To understand this process, we took 1,781 real agent traces from Exgentic, hosted on Hugging Face, and used Braintrust to process them for patterns and high-level learnings.

Here's what we did, how we did it, and what the data actually showed.

The main takeaways (if you only have 5 minutes)

  1. The harness matters ~7× more than the model. If you keep the model the same but change the harness, success could swing from 12% to 92%. This change is also nearly free, since harness choice has almost no effect on token cost.

  2. Open-weight models are production-ready for coding. DeepSeek and Kimi solved 96% and 94% of SWE-bench tasks successfully, matching the best closed models. The benefit is that you can self-host these models.

  3. High average doesn't mean dependable. Some configs score well overall but fall apart on specific task types. Reliable configs are consistent across suites; high-variance configs have at least one suite where they fail badly.

  4. There's no universal winner. Claude won SWE-bench and customer service tasks, Gemini won airline support tasks, and DeepSeek and Kimi won AppWorld tasks. The answer to "which is the best model?" is always "depends on the task."

  5. Cost per task and cost per success rank configs very differently. Open-weight models cost $0.73–$1.27 per successful SWE-bench task. Closed models cost $4–$5. On conversational tasks, gpt-4.1 flips the table at $0.02–$0.03 per success.

  6. Don't always trust token efficiency. gpt-4.1 looked 10–100× cheaper on tokens, but on hard tasks, it was cheap because it failed early, not because it was smarter. Cost without success is just failure with fewer tokens burned.

  7. Failure patterns flip. Coding agents that fail use more tokens because they thrash. Customer-service agents that fail use fewer tokens because they give up early.

The dataset: what we were working with

The dataset is from Exgentic on Hugging Face, which has 1,781 agent runs across six benchmarks. Each run includes a task, the agent's complete conversation (every LLM call it made), and metadata like model, benchmark, harness, token count, and number of LLM calls. Each run generates child spans for individual LLM calls. There were ~49k child spans total across all 1,781 runs, averaging about 27 LLM calls per run.

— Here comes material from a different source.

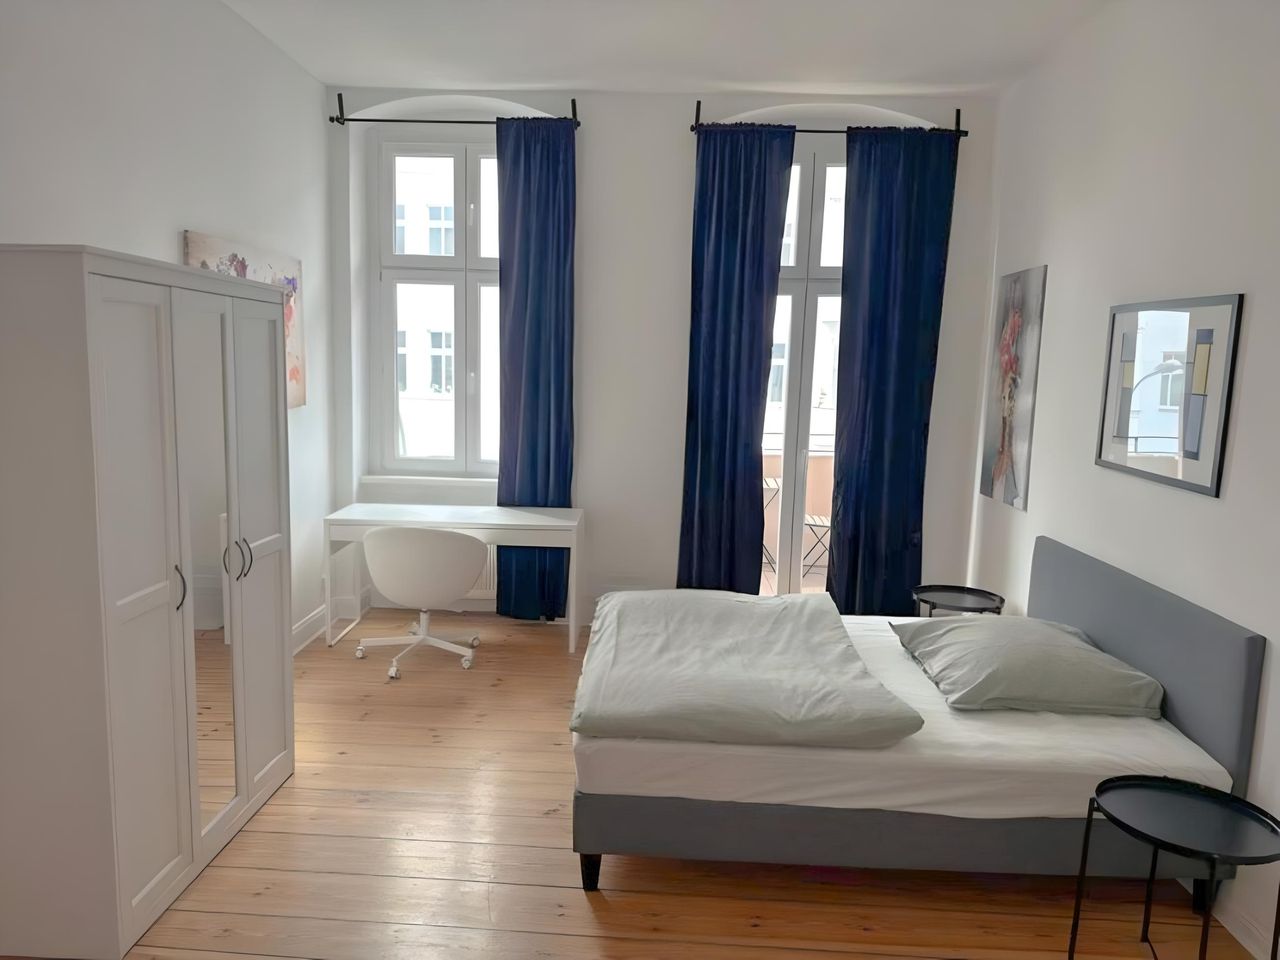 Awesome 4 bedroom apartment located in Berlin Friedrichshain

It's important to note that the dataset had zero ground-truth labels. Exgentic never exported the grading verdicts, so all scores and expected fields were null. We had to build our own success measure from scratch, which we'll get to in an upcoming section.

Models

Six models appeared across the dataset:

Model (API name)Common nameType
claude-opus-4-5Claude Opus 4.5Closed
gemini-3-proGemini 3 ProClosed
gpt-4.1GPT-4.1Closed
gpt-5.2GPT-5.2Closed
Kimi-K2.5Kimi K2.5Open-weight
DeepSeek-V3.2DeepSeek V3.2Open-weight

Closed models are proprietary, meaning that you access them via API but the weights aren't publicly available. Open-weight models publish their weights, so you can download and self-host them.

Benchmarks

The six benchmarks in the dataset cover fundamentally different kinds of tasks:

BenchmarkWhat it tests
SWE-benchFix a real GitHub issue inside a large existing codebase. Read files, edit code, run tests iteratively. Pure software engineering.
AppWorldComplete a personal-assistant task by orchestrating app APIs (Venmo, Gmail, Spotify, Splitwise, Todoist). Often code-heavy.
BrowseComp+Answer a hard research question by browsing the web. No coding.
TAU2 AirlineCustomer-service agent handling airline support requests via tools.
TAU2 RetailCustomer-service agent handling retail/commerce support.
TAU2 TelecomCustomer-service agent handling network and technical support.

Harnesses

A harness is the agent scaffold wrapped around the model. The model (like Claude and GPT) only predicts text, but the harness does context management and turns that text into actions. It formats the task and available tools into the prompt, parses the model's output into actual actions, executes those actions, feeds results back, manages the loop, handles retries, and decides when to stop.

Five harnesses appeared in the dataset:

  • claude_code: Anthropic's native agent loop. Uses Claude's custom XML format for tool calls and manages the agentic loop natively.
  • tool_calling: Structured JSON function-calling, one tool call at a time. The standard approach, but tighter constraints.
  • tool_calling_with_shortlisting: Same as above, but with a pre-filtering step that narrows which tools are offered each turn.
  • smolagents_code: Hugging Face's framework. The model writes Python code to call tools, executes it, and returns the output. Lets the agent chain logic in a single step.
  • openai_solo: A minimal OpenAI-style scaffold. Thin wrapper.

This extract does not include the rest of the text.